I’ve been writing this column for 6 months. Unlike most of my writing during my 30-year career, it allows me almost total freedom to pick whatever subject I want and hold forth with an E-pinion. It’s a labor of love and has given me a lot of satisfaction, particularly when readers respond with their views. Thanks to all of you who have done so.
Your comments have prompted me to think about where HR has come from, and where we’re going. Here—at the end of one year and the beginning of another– are a few thoughts about where we should be going:
Strategic Focus and Mission
What I wish for most is that HR could take its rightful place at the strategic table. Too often we’re not taken seriously, and too often the reason is that we see ourselves as “HR guys” rather than as professional managers committed to helping our organizations succeed. HR represents the “enlightened view” of business self-interest, but we have to be business people first, and HR people second.
HR’s biggest challenge (and biggest opportunity) is in the area of strategy. We need to know what kind of organization we work for; what its strategy is; and how our HR strategies should be crafted to help the business meet its objectives:. Marketplace success is almost always the most important organizational metric—even for nonprofits—and HR has to stay focused on seeing our service to people as a means to that end.
Healthcare Costs
One of the scariest problems facing business today is healthcare costs. Just about the only thing that we, as HR managers, can do to impact costs in the short to medium term has to do with wellness. If we can help our employees and their families improve their health habits, we can impact healthcare costs. It’s not immediate. It’s slow, but it is sure.
A faster path is in the area of “presenteeism”— the term refers to an employee being physically present but not performing well because of illness or injury. I’m not talking about people coming to work when they are sick, out of a misguided sense of duty, but, rather, about people whose nutrition or lifestyle choices cause them to be sleep-deprived, hungover, etc.
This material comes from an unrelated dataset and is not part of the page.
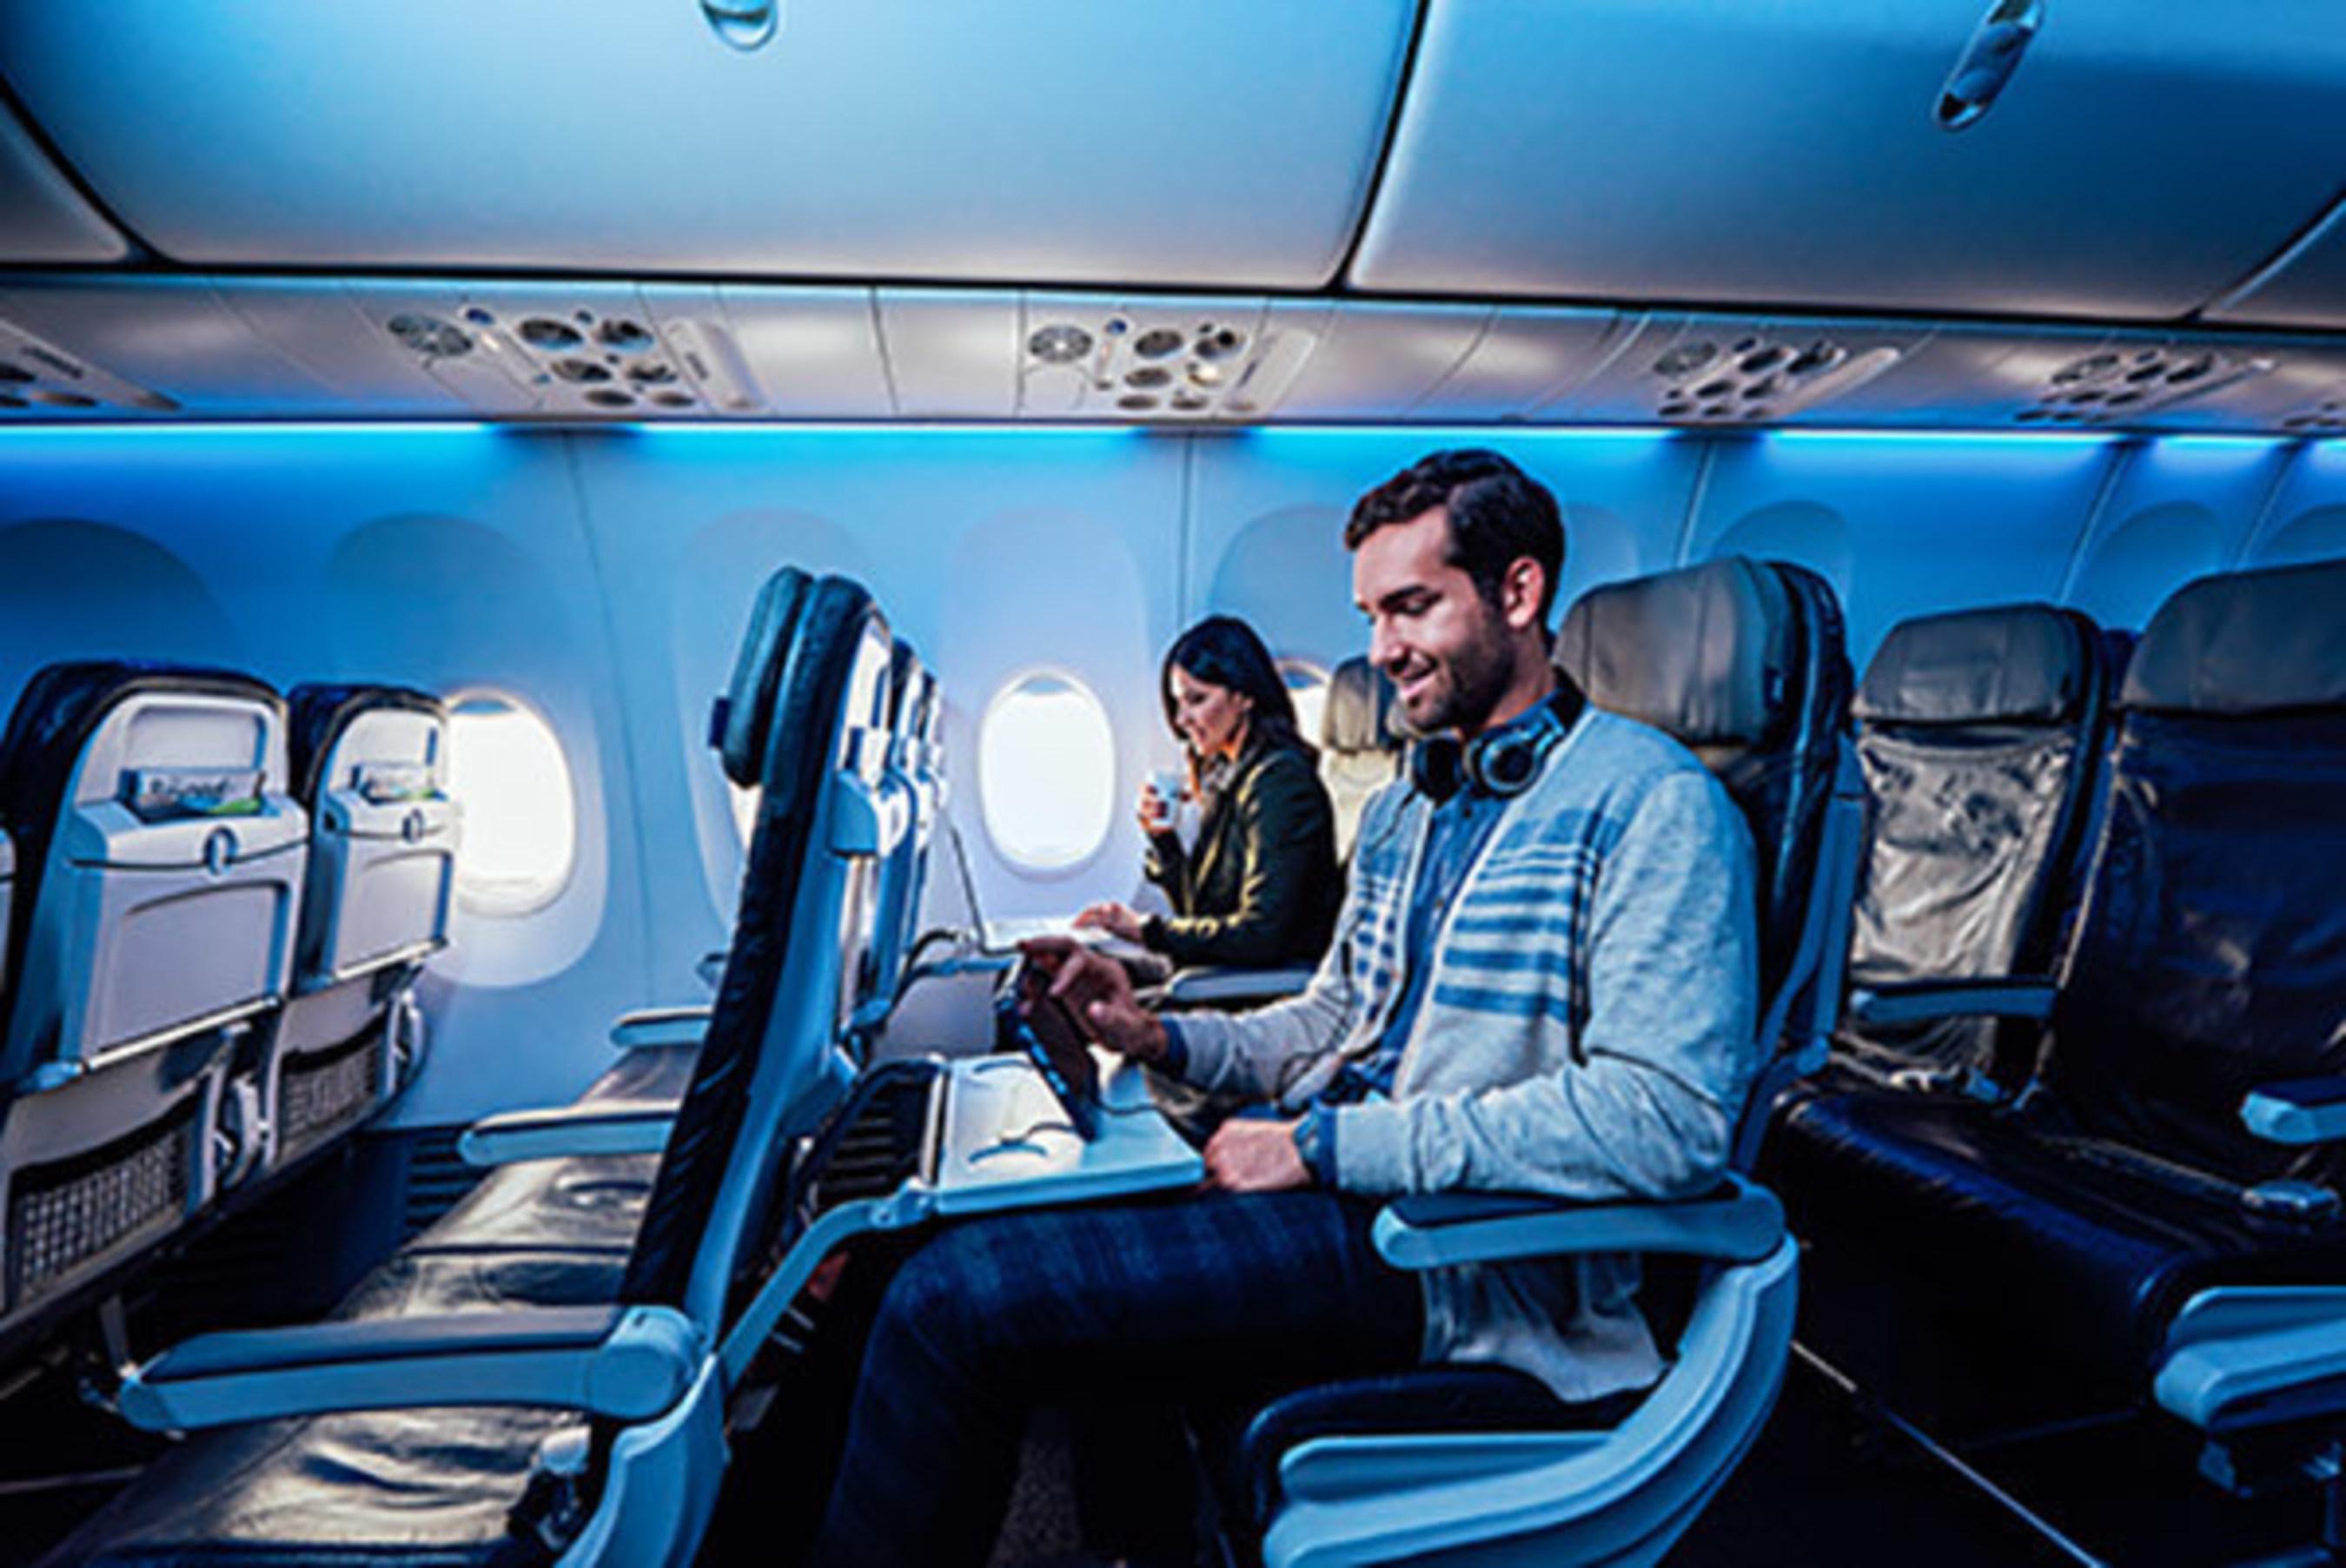 Alaska Airlines Handicap Seats Wiring Diagrams 800 Thunderboltinternal External Image Pdf Images Gallery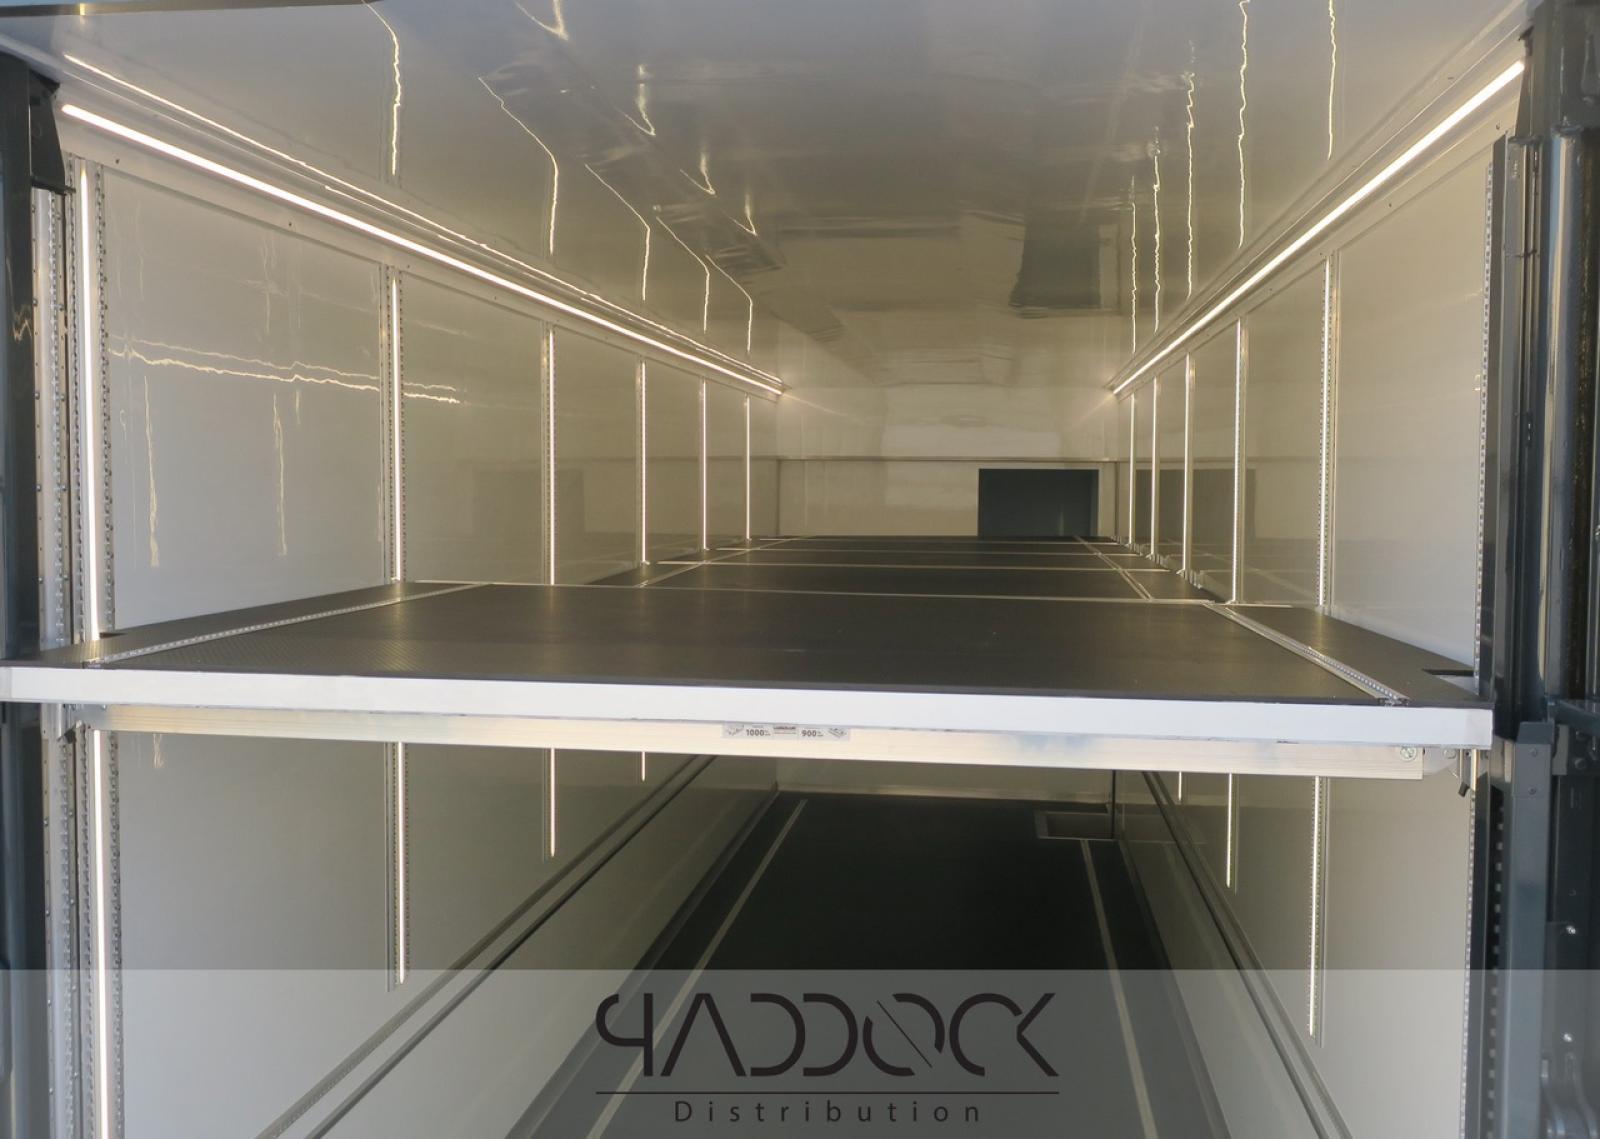 NEW 2020 ASTA CAR TRAILER BY PADDOCK DISTRIBUTION - 5

If we can change habits that lead to poor performance, we can improve productivity right now, while our overall wellness programs cut into insurance costs.
Equality and Fairness
The press is filled regularly with accounts of corporate CEOs who make hundreds of millions per year, even as skilled jobs are exported overseas and Congress equivocates about token changes to the federal minimum wage. While labor cost control is important to keep a competitive advantage in the global economy, this necessary tension seems out of balance. This may be one area in which HR can act as a corporate conscience.
Asset Building
People are an asset; not a cost. Employees who improve their skills make themselves more valuable to their employers. In the constant battle to keep costs under control, investments in training and development are often budget casualties. Looking for low- cost alternatives, and getting the most for every training dollar, should be an HR priority.
Ethics and Values
Enron and other corporate scandals remind us of the need for ethics and values. HR is a leader here. As we look at the new year, we should all commit to maintaining and raising the ethical values of our organizations. Our employees deserve it.
Happy holidays, and as always, I’d love to hear your views. Email me at Rbrady@blr.com
I agree that HR can impact the cost of healthcare by focusing on the two areas you mention, but there is a third. HR can also impact the cost of healthcare by better educating themselves on how the carriers determine the “premium rates” for their companies. I have come to know that a significant aspect of the rate calculation is based on carrier discretion and the broker’s motivation or negotiation skills (or lack there of). Unfortunately, there is an obvious conflict of interest since most brokers are paid based on the percent of the premium. HR could better serve their company and its employees by learning more about how the company’s benefits are marketed and priced. I have been consulting in this area for the past 5-years and consistently see a lack of knowledge by HR in this area.